Anonymous thatcher said...

There is zero excuse to talk to your daughter like that. I don't care if the divorce is tough, the daughter is a brat, whatever.
If you are the parent, then act like one and not like a raging 11 year old.

5:32 PM, April 20, 2007  
Anonymous Anonymous said...

Yeah, I knew this was going to be a tough call for you, Helen. Whom to berate? I mean, there's always "both". But not taking a side? Well, that's a little difficult for you, isn't it? So, the choice is-- a batshit woman or a man who's a vocal liberal? Argghhh!

5:55 PM, April 20, 2007  
Anonymous Bugs said...

Couldn't have happened to a nicer guy!

6:01 PM, April 20, 2007  
Anonymous Anonymous said...

dittos to what tmink said.

I don't know about punishment, but the dude could sure use some anger management counselling or parenting classes or something. If he's this over the top about an eleven year old not answering her phone, he's going to stroke out when she's fifteen. (In my experience, most obnoxious age of them all.)

6:33 PM, April 20, 2007  
Anonymous TMink said...

Some Anon wrote: "Whom to berate?"

Well, you gave your answer to the question: Helen. Is this where you look morally superior? Or where you just look hypocritical? But commenting on the subject at hand, that's just a little difficult for you, isn't it?

Trey

6:47 PM, April 20, 2007  
Blogger Webutante said...

I couldn't agree with you more.

In every divorce, in every horrendous fight like this, there is reciprocity. I repeat, there is reciprosity, between a husband and a wife. Both are culpable.

I know this from hard-earned experience.

7:52 PM, April 20, 2007  
Blogger SarahW said...

Alec Baldwin is a loose cannon, an angry man who is currently scaring people on the set of the play he's working on, with tirades and fists through the scenery.

You don't know when or how the tape got to TMZ, but there wouldn't be any tape to embarrass the child, but for Alec Baldwin.

There is no excuse for berating any loved one in that manner, let alone a pre-teen girl...the things he said to her were beyond the pale.

To assume she's a brat who ignores her dad on purpose is giving Baldwin too much credit.

8:14 PM, April 20, 2007  
Anonymous thatcher said...

Trey, don't behave like a moron.
Both parents are nutters.
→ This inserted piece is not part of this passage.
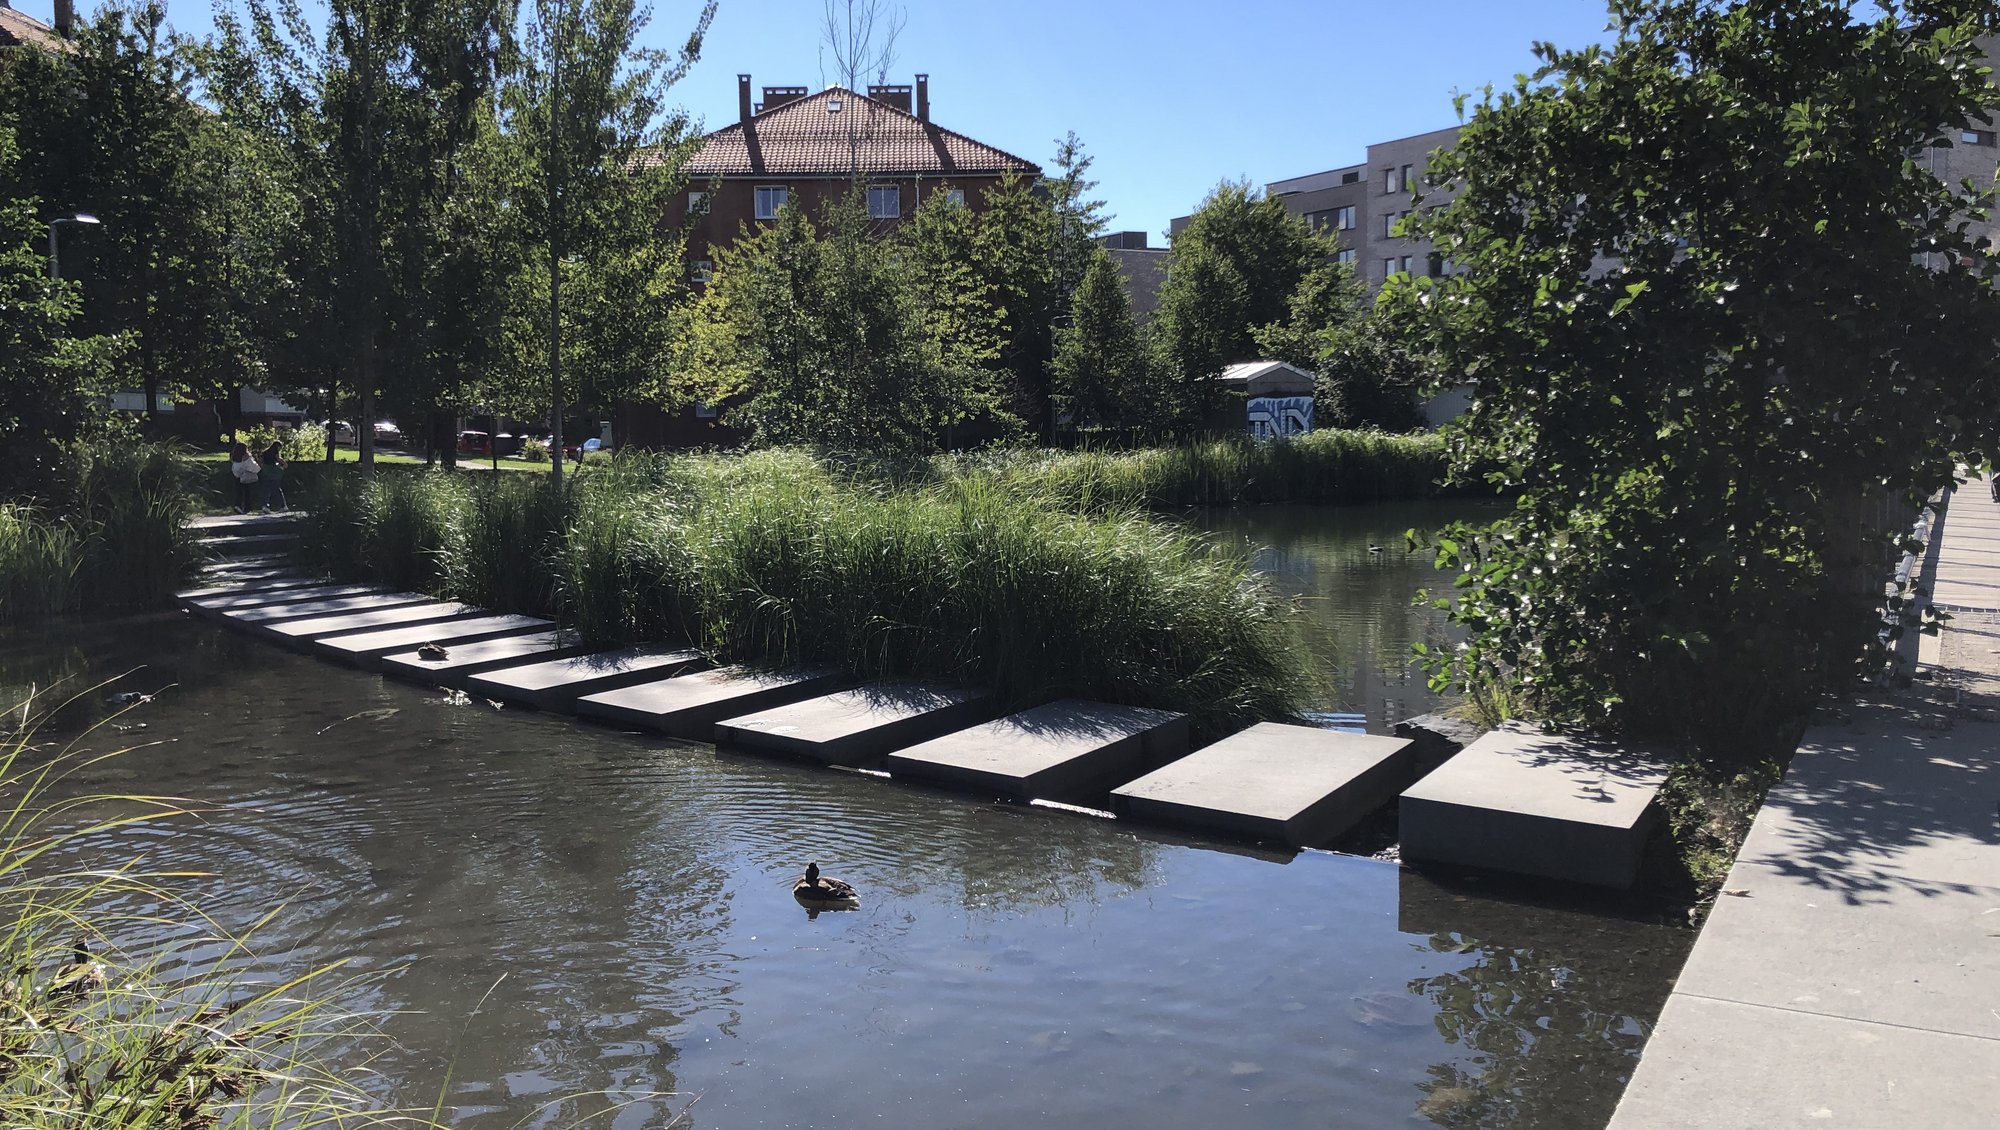 A stone bridge crosses a stream of water in an urban setting in Oslo city. A small duck is laying on one of the stones, and a bigger duck swimming besides the bridge. Around the bridge are many trees and behind the trees, several houses can be seen.

He obviously is, and as Helen said, if she leaked this to the press, Bassingers doesn't give a whit about her daughter,either.
Pity the kids.

8:20 PM, April 20, 2007  
Anonymous TMink said...

Thatcher, what are you speaking of? Be specific please. We agree about all your statements after the ambiguous one concerning me being a moron. Read the first comment on the thread, it is mine. Splain this to me Lucy.

Trey

8:57 PM, April 20, 2007  
Anonymous Anon824 said...

I too feel sorry for the kid.

Just think, her 2 adult role models both make a living playing "dress up."

11:04 PM, April 20, 2007  
Blogger dadvocate said...

Baldwin's harsh words to his daughter aren't justifiable but why wasn't his daughter available for a scheduled phone call? Did Bassinger make sure the daughter wouldn't be available?

Having gone through years of custody battling with my ex, I know how evil and conniving an ex-wife can be. TMink was right with the narcissist and borderline diagnosis. Poor kid. But, I guarantee you that Bassinger is more culpable as Baldwin for the circumstances that led up to this meltdown.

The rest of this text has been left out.